Once you find the line containing "F1 2020 Australian", output it and every line after it to the end of the records, exactly.

[Data items]

▬▬▬▬▬▬▬▬▬▬

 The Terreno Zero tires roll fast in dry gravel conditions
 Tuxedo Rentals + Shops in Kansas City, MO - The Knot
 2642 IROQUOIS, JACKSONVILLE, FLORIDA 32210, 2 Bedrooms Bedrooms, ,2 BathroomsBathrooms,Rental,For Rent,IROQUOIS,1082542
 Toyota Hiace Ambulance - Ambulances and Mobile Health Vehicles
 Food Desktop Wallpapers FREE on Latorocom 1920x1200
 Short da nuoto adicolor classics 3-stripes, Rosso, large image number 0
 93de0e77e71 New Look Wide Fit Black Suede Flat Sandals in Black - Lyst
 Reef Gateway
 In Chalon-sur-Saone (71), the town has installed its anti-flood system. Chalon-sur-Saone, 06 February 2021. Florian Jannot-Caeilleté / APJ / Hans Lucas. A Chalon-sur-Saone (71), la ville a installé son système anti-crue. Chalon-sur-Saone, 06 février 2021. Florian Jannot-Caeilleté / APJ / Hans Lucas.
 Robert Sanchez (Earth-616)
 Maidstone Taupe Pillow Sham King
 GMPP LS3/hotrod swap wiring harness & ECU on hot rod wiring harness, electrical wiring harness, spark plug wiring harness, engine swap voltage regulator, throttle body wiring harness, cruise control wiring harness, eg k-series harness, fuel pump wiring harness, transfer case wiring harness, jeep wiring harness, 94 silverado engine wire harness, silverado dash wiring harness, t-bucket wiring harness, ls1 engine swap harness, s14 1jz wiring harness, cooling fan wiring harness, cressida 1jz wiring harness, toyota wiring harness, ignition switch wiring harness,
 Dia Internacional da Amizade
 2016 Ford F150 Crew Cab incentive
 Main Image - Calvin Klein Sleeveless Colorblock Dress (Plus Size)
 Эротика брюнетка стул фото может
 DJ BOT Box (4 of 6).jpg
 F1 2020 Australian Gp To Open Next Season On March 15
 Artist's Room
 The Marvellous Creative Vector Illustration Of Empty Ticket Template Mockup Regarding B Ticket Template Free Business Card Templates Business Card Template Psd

▬▬▬▬▬▬▬▬▬▬

Response area:
 F1 2020 Australian Gp To Open Next Season On March 15
 Artist's Room
 The Marvellous Creative Vector Illustration Of Empty Ticket Template Mockup Regarding B Ticket Template Free Business Card Templates Business Card Template Psd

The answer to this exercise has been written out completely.